SAMPLING SITES FOR SALMONELLA TESTING OF CATTLE CARCASSES

Rump

Locate the posterior aspect of the aitch bone. Draw an imaginary line toward the Achilles tendon. At the point where the line intersects the cut surface of the round is the starting point for the rump sample. Place the template over this area of the rump. Note: This upper illustration has been purposely altered somewhat. A true lateral view of the carcass would not show the aitch bone. From a medial view, the whole 10 cm x 10 cm sampling area could not be seen. Therefore a lateral view with a portion of the round removed so the location of the aitch bone is shown is illustrated.

Flank

Locate the cutaneous flank muscle (external abdominal oblique) and follow the medial border of the muscle anteriorly until it comes within approximately 3" of the midline. This will be where to place the template.

Brisket

Locate the elbow of the carcass. Draw an imaginary line straight across (medially) to the midline cut.
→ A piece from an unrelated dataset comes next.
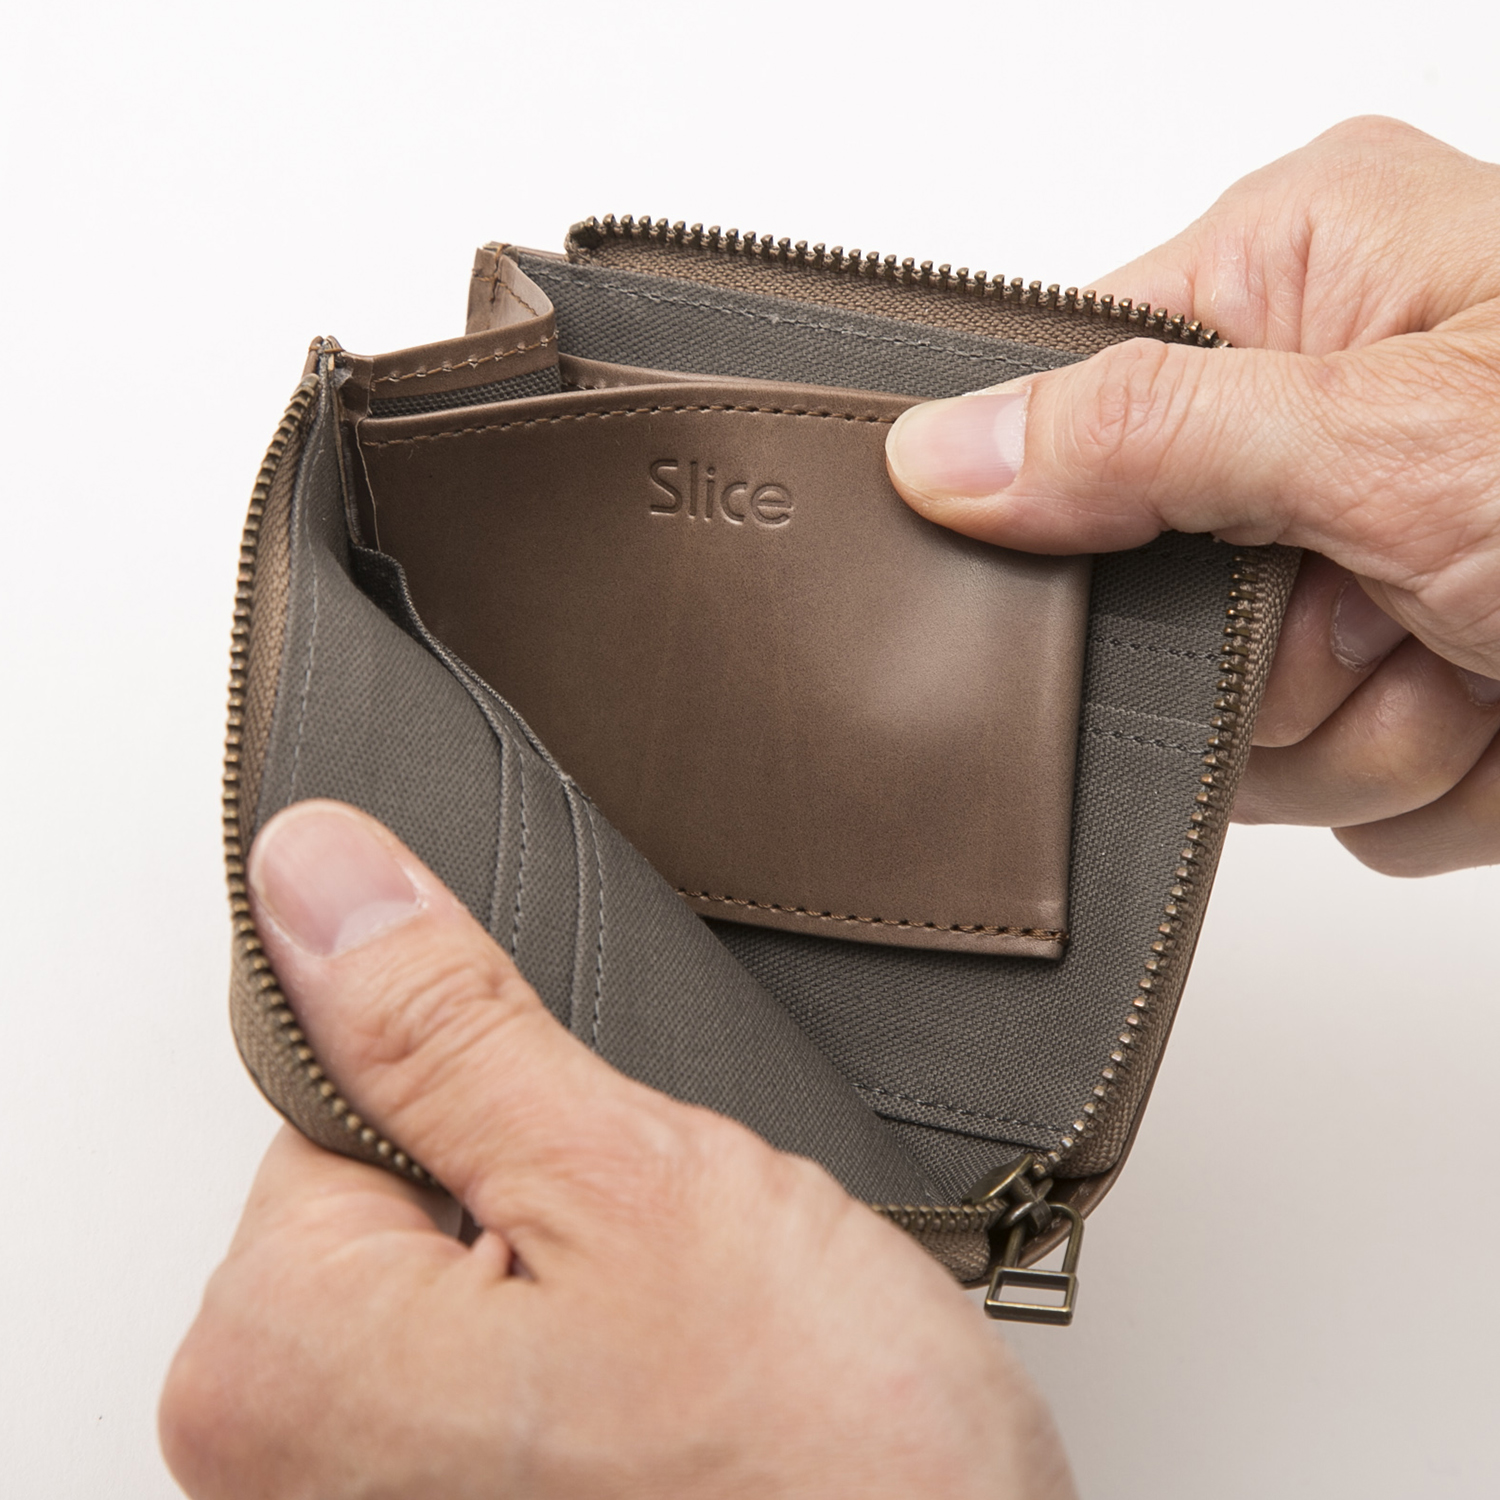 Slice/鍵ポケットつきコンパクト財布 カーフ

This will be where to place the template.

SAMPLING SITES FOR SALMONELLA TESTING OF SWINE CARCASSES

Belly

Locate the elbow of the carcass. Place the template over this area (armpit) of the belly.

Jowl

Draw an imaginary line from the atlas/axis joint to the ventral midline; all skin below that point will be considered the jowl.

Ham

From the dorsal position, locate the lateral surface of the base of the tail. Place the template over this area of the ham. Do not include the base of the tail.

SAMPLING SITES FOR SALMONELLA TESTING FOR TURKEY CARCASSES

Back

Locate the tail. The area to sample (5 cm x 10 cm) starts just anteriorly from the tail and extends forward over the vertebral column. The area should be evenly divided on either side of the vertebral column.

Thigh

Locate the hip joint. The area to sample (5 cm x 10 cm) starts at the hip joint and extends laterally and ventrally to cover the thigh area.